**Data**:
------------

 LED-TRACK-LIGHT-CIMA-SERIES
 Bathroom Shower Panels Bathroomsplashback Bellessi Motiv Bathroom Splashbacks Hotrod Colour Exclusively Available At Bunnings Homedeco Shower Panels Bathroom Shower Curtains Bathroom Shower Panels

------------

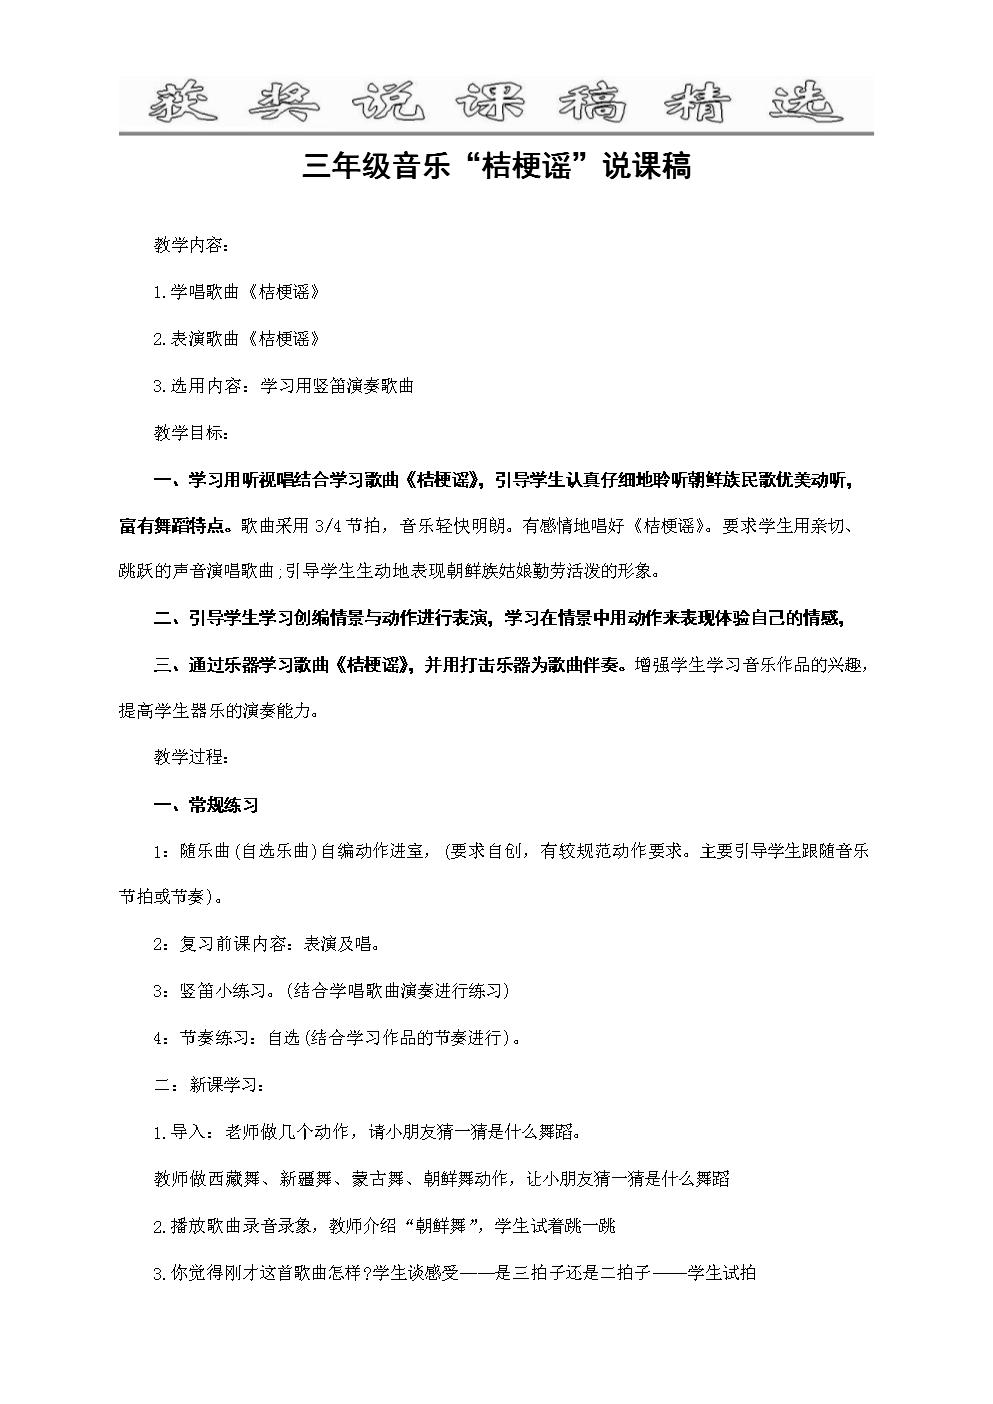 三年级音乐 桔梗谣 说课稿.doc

------------

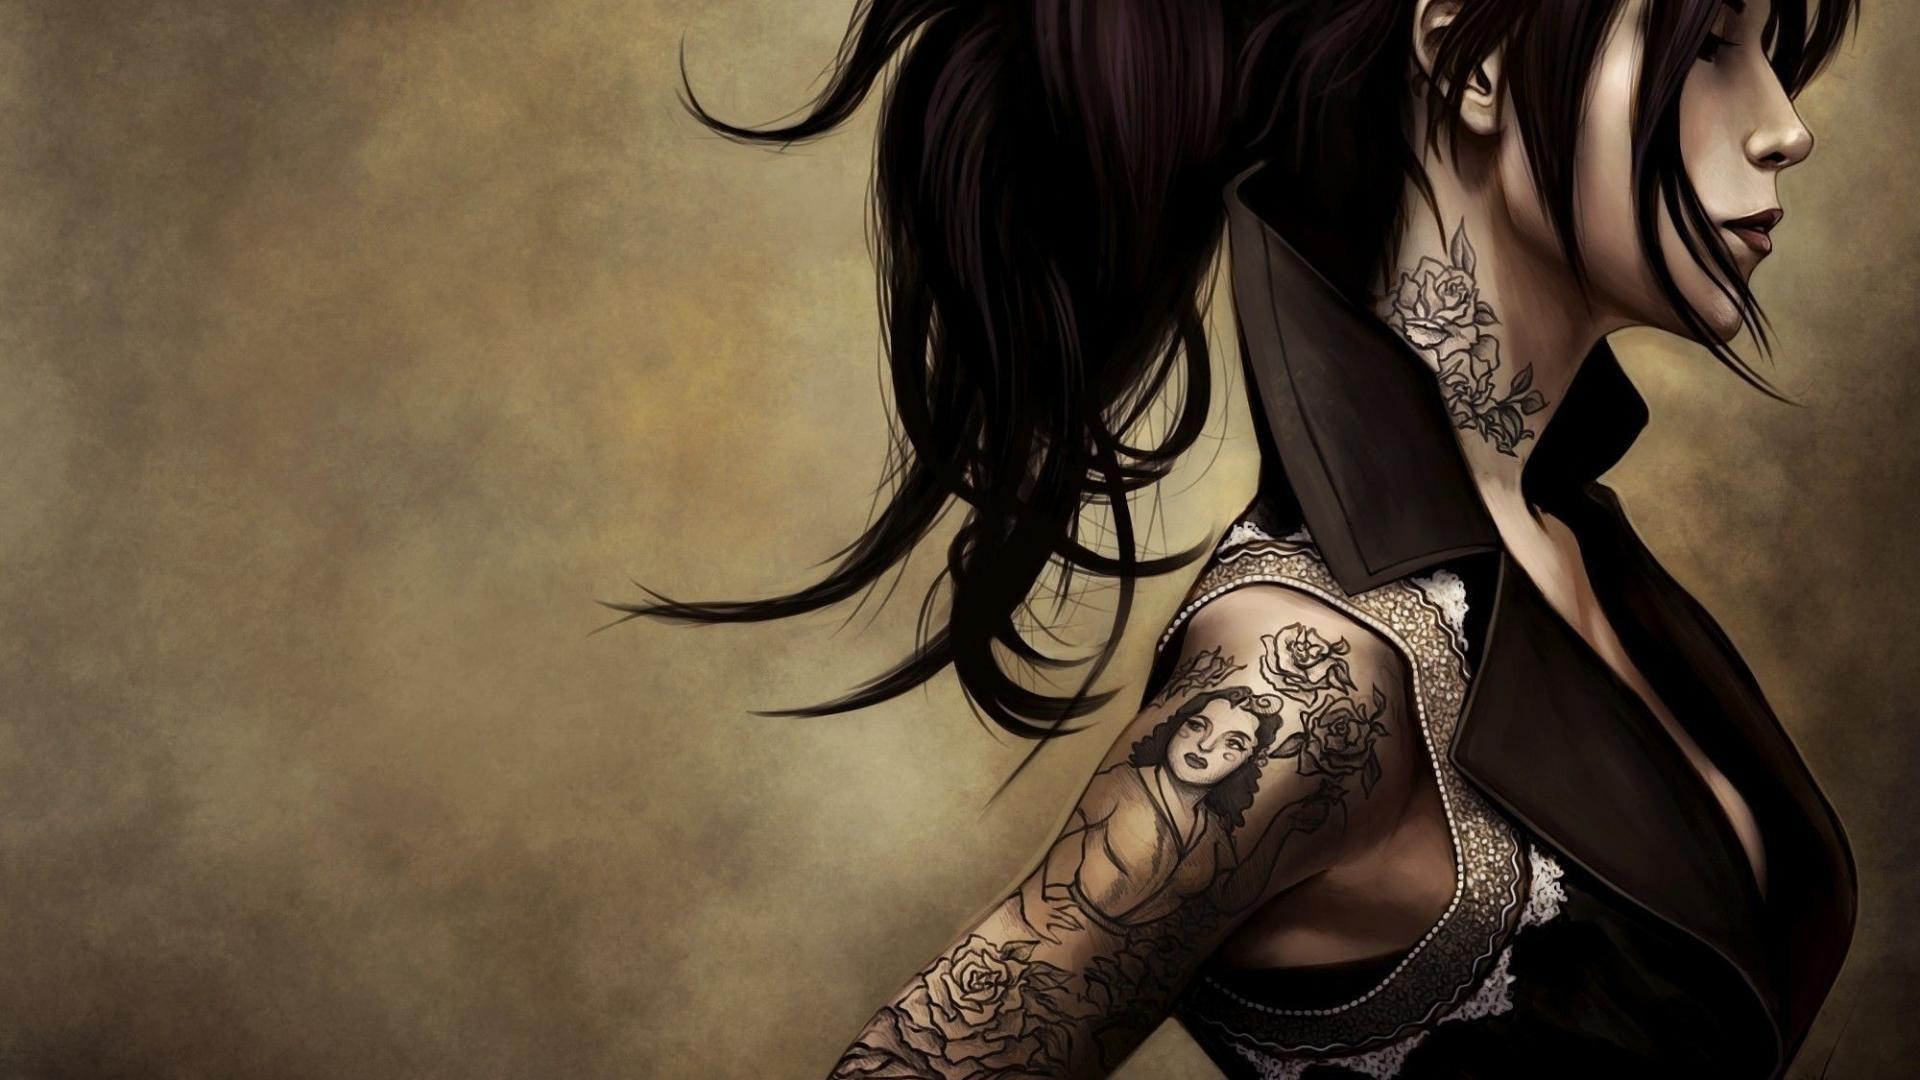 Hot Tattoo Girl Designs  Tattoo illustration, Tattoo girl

------------

**What is expected**:
The exact lines of the material above starting at the one that contains "LED-TRACK-LIGHT-CIMA-SERIES" and ending at the one that contains "Bathroom Shower Panels Bathroomsplashback" are what to retype; leave out everything else.

**Answer box**:
 LED-TRACK-LIGHT-CIMA-SERIES
 Bathroom Shower Panels Bathroomsplashback Bellessi Motiv Bathroom Splashbacks Hotrod Colour Exclusively Available At Bunnings Homedeco Shower Panels Bathroom Shower Curtains Bathroom Shower Panels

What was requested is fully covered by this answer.